Case Presentation: An 8-year old previously healthy boy presented with mutism. One week prior to admission, he developed chills, nausea, vomiting, night sweats, and a fever. Subsequently, he developed a headache, nuchal rigidity, ataxia, and staring spells. Upon presentation, he was afebrile with otherwise normal vitals. He was alert and followed commands with intact comprehension and fluent writing. He would not speak and rarely opened his eyes. His white blood cell (WBC) count was elevated to 14.8 x 103/µL. Comprehensive metabolic panel, urine cultures, and blood cultures were unremarkable. His cerebrospinal fluid (CSF) had a WBC count of 427 cells/µL (92% lymphocytes), red blood cell count of 157 cells/µL, protein of 150 mg/dL, and glucose of 51 mg/dL. Brain MRI demonstrated hyperintensity of the cerebellar cortex, concerning for cerebellitis. He was started empirically on ceftriaxone, vancomycin, and acyclovir, with improved comprehension, but he continued to only communicate through writing and hand squeezing. Ceftriaxone and vancomycin were discontinued with negative CSF cultures. Electroencephalogram revealed no seizure-like activity. Polymerase chain reactions for Herpes Simplex Virus, Enterovirus, Arbovirus, and West Nile Virus were negative. Epstein Barr Virus serology was also negative. Mycoplasma (M.) pneumoniae IgM immunofluorescent antibody returned positive. He was started on azithromycin to treat M. pneumoniae, and continued acyclovir for suspected viral meningoencephalitis. Days later, he recovered from his mutism and staring spells.

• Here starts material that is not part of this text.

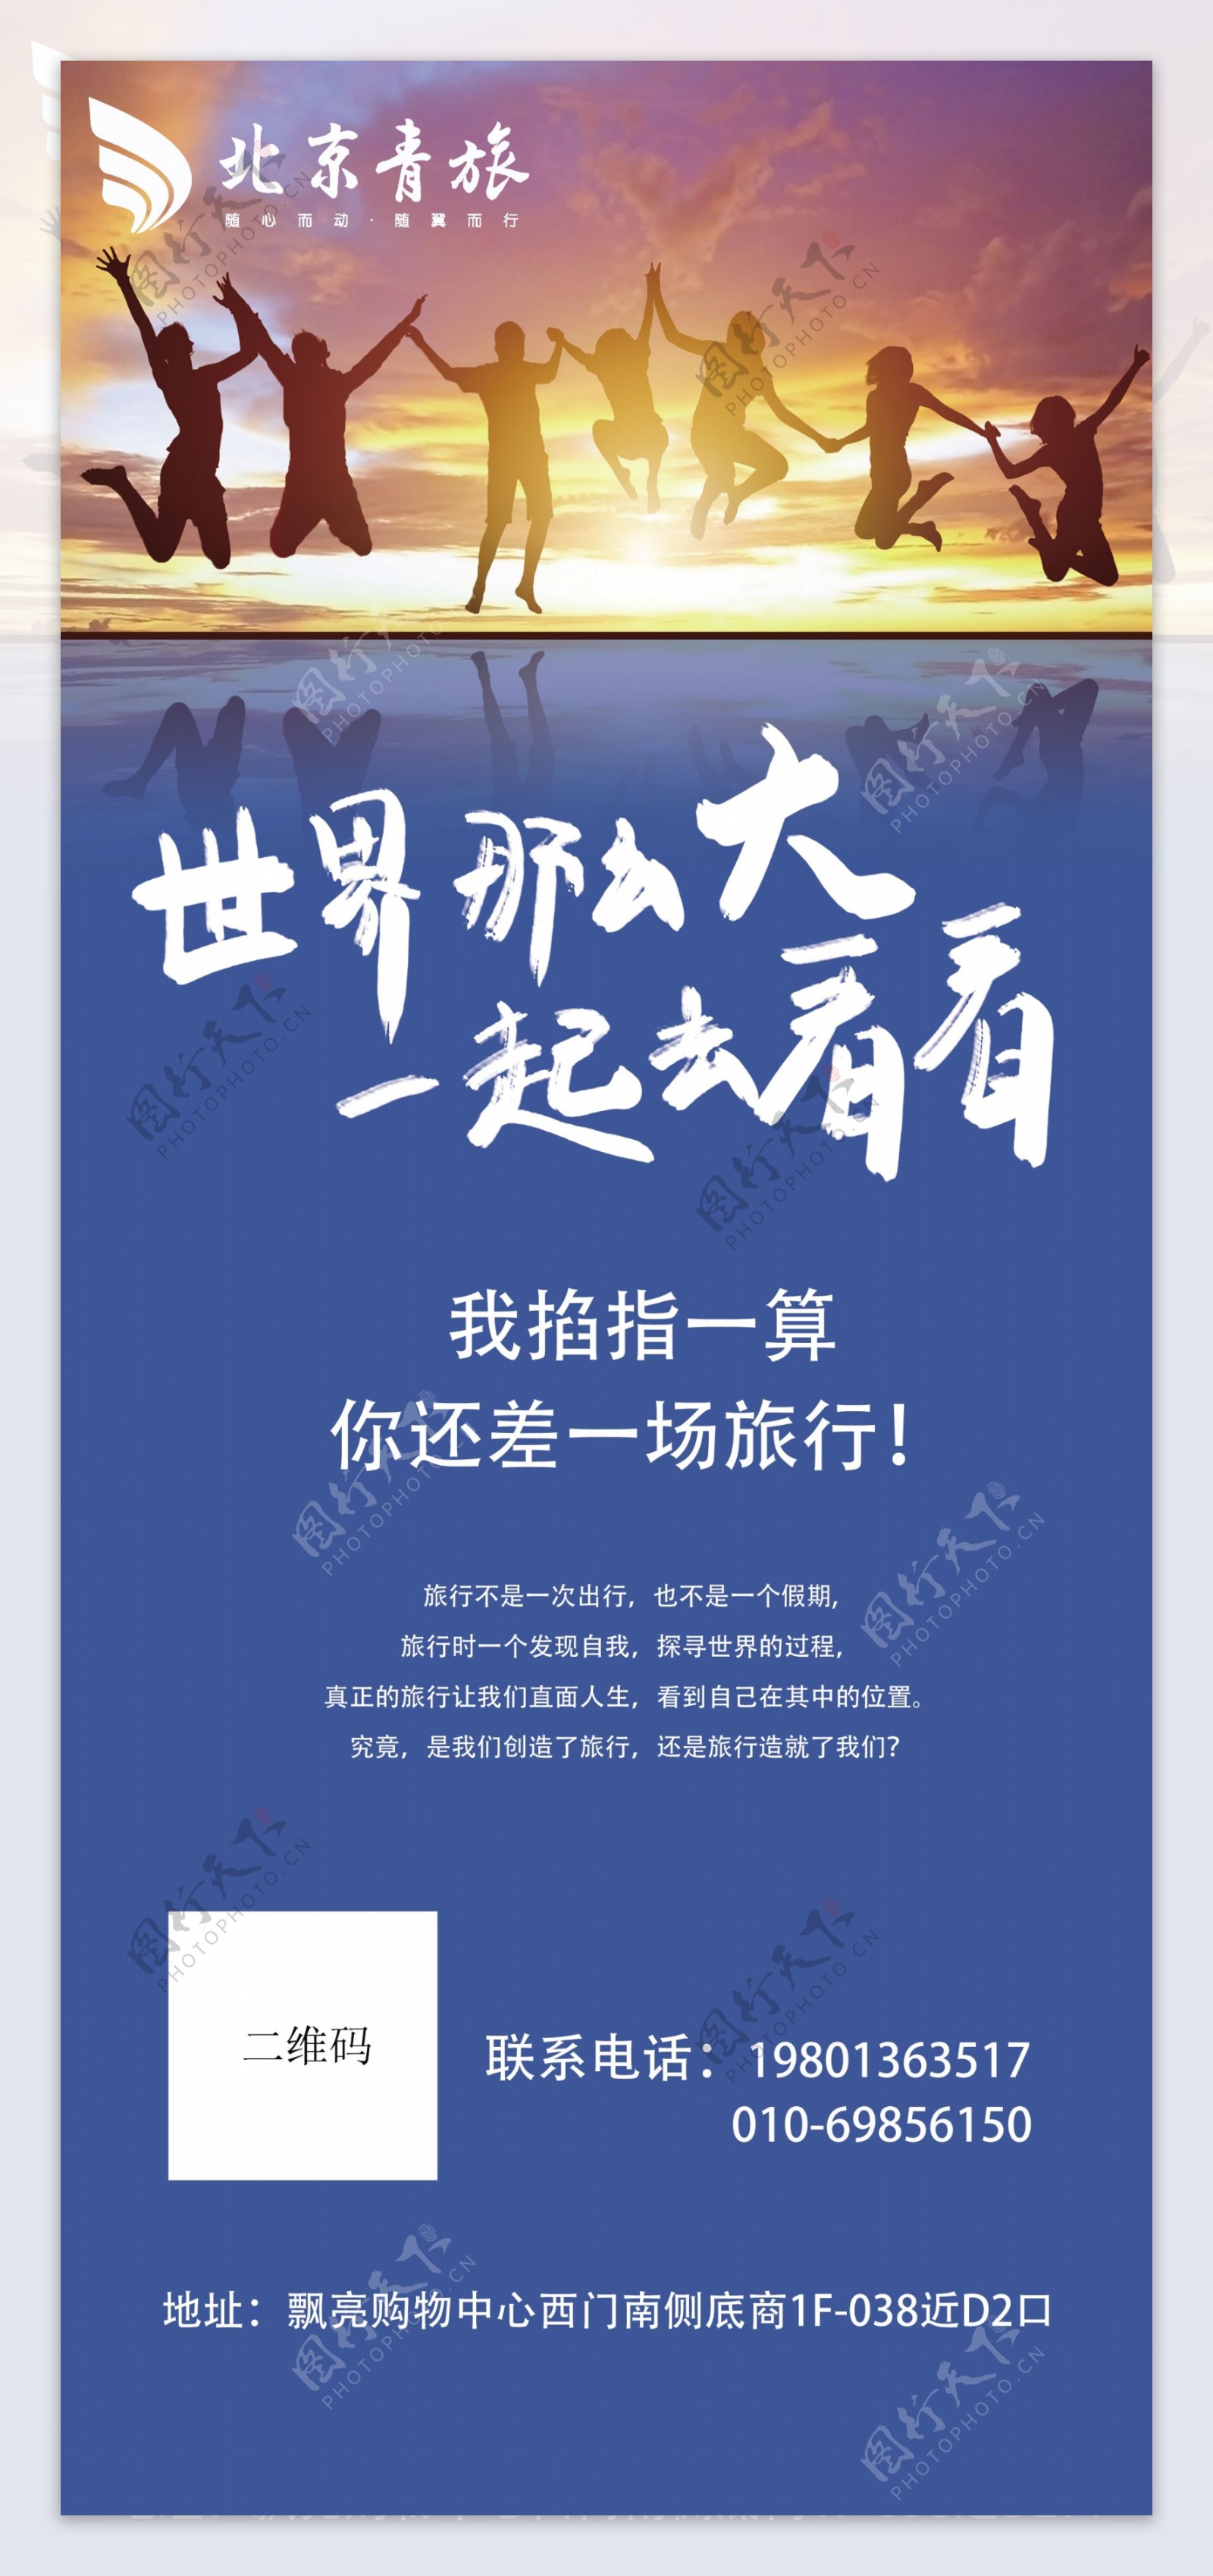 北京青年旅社旅行海报
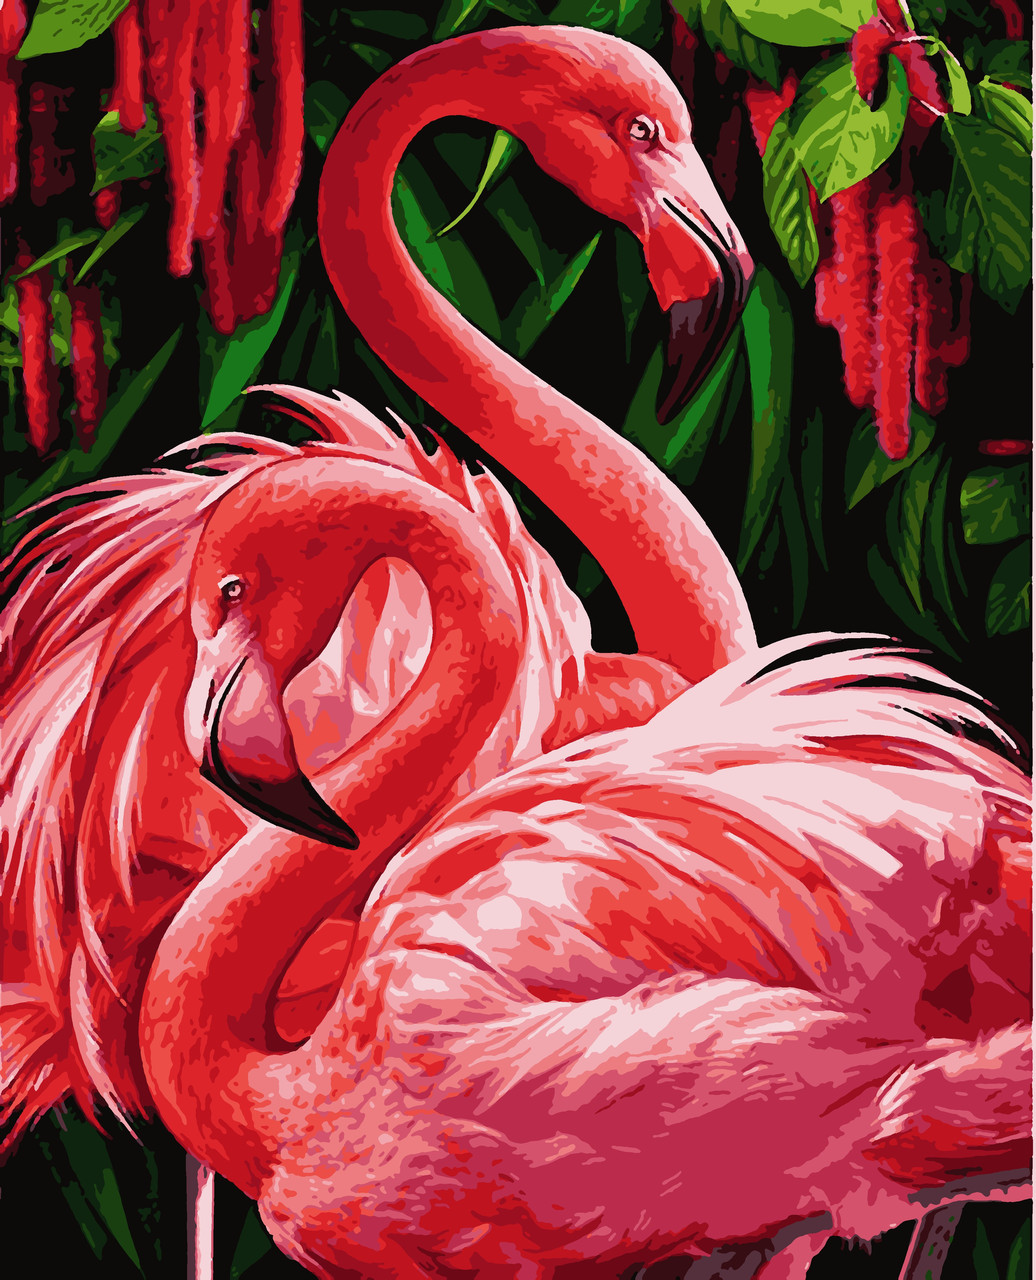 

Картины по номерам Artissimo Фламинго 40*50 см

Discussion: M. pneumoniae is a common bacteria that typically manifests itself as an atypical pneumonia or respiratory disorder. Rarely, M. pneumoniae has been described as the causative organism in a number of neurologic manifestations, including encephalitis and acute disseminated encephalomyelitis. A few cases have reported a likely correlation of the anti-Galactocerebroside C (anti-Gal C) antibody induced by Mycoplasma infection with its neurologic pathogenesis. This patient was diagnosed with meningoencephalitis by a positive M. pneumoniae IgM; however, he lacked preceding or concurrent respiratory symptoms.  Instead, he had cerebral mutism, a complex including one of more findings of decreased speech, ataxia, difficulty with coordination, and hypotonia.  Only one published case has linked Mycoplasma to akinetic mutism in a pediatric patient, but our patient’s communication-based mutism is unique to the literature. The patient’s resistance to eye opening can be an assumed consequence of the photophobia that accompanies bacterial meningitis.

Conclusions: In cases of aseptic meningitis refractory to antiviral therapy, screening for atypical organisms including M. pneumoniae is worthwhile, particularly in the pediatric population. Though uncommon, M. pneumoniae should be considered on the differential for encephalitis when other common organisms have been ruled out.